這種天氣,最慘是楚東材這種有傷的,他被打斷好幾根肋骨,現在根本無法仰躺著,只能側臥在車板上。
北風呼呼的吹刮在他腐爛的傷口上,他已經被凍的疼的麻木了,也知道自己沒有多少天時日可以活了。
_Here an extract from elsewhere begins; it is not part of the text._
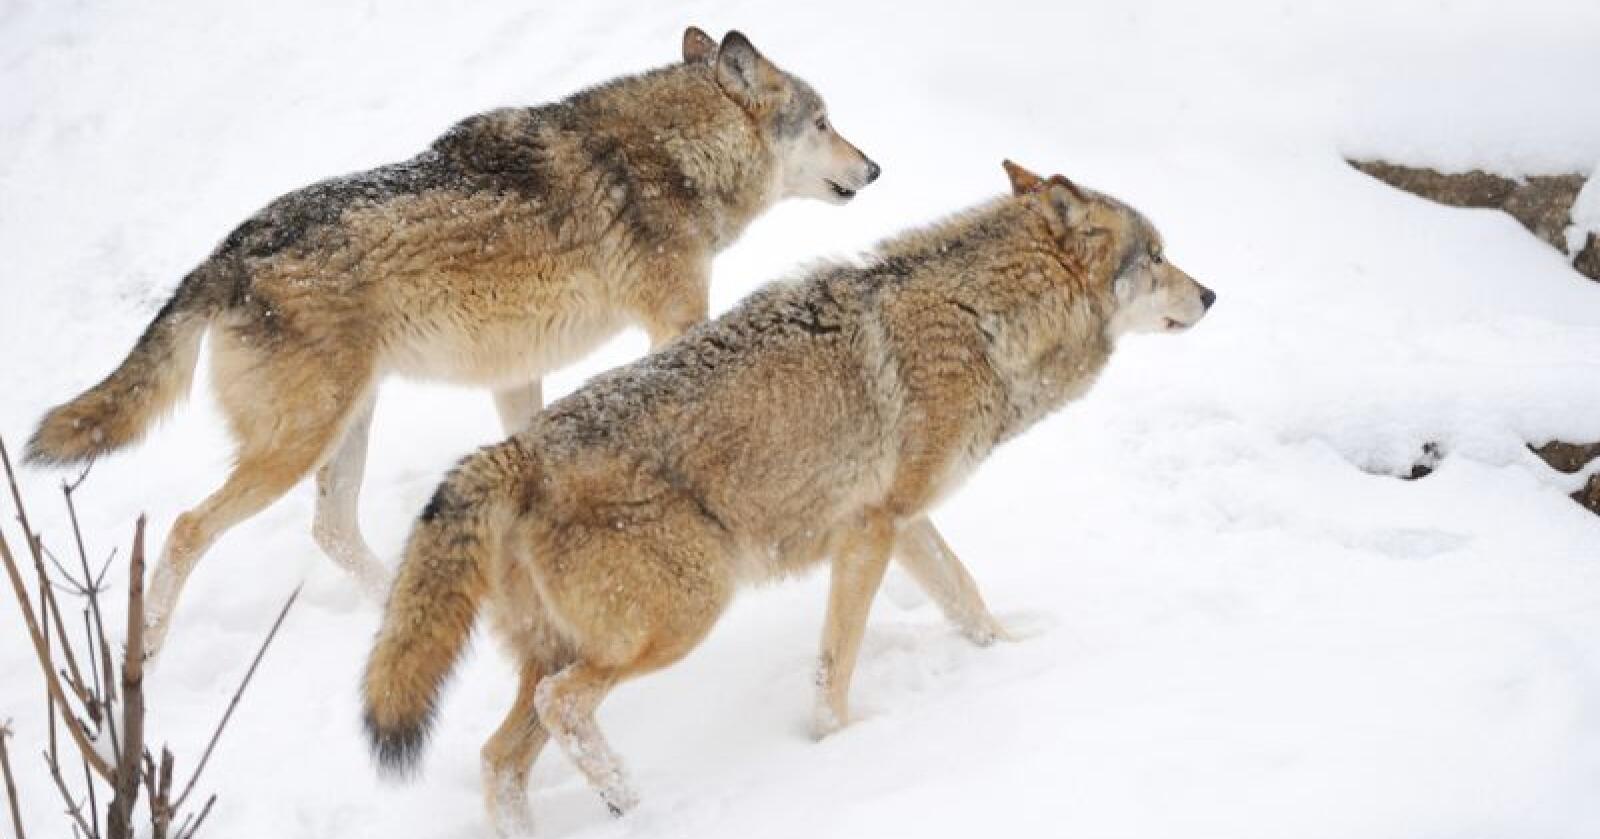 Statens naturoppsyn bekrefter at det er ulv i revirene til Osdals- og Julussaflokkene. Illustrasjonsbilde. (Foto: Colourbox/Volodymyr Burdiak)

但是想起自己大仇未報,便惡狠狠的,兩隻眼睛往葉玄州坐的馬車裡面瞪。
似乎恨不能用目光化作冷箭,將葉玄州給刺穿就好。
葉玄州也不打算就這麼放過他。
到了歇腳的驛站,他們這幫犯人是沒資格睡在房間裡面的,全都是睡在院子裡面,隨便扔幾床棉被了事。
楚東材渾身腐爛,沒人願意跟他待在一起,所以他身上依然被風吹著,什麼東西都沒有蓋。
葉玄州卻絲毫不嫌棄的,給了他一件大氅。
楚東材一見到他,立刻就要掙扎著坐起身來。
葉玄州就在原地,那麼居高臨下的看著他,像看一個即將入土的死人。
「葉玄州!你不得好死!」
楚東材口頭辱罵著,而他卻沒辦法動葉玄州一下,只能眼睜睜看著他推著輪椅遠去。
半夜,就有人聽見失火的消息。
而楚東材,不知何時被人拖到了放火的地點。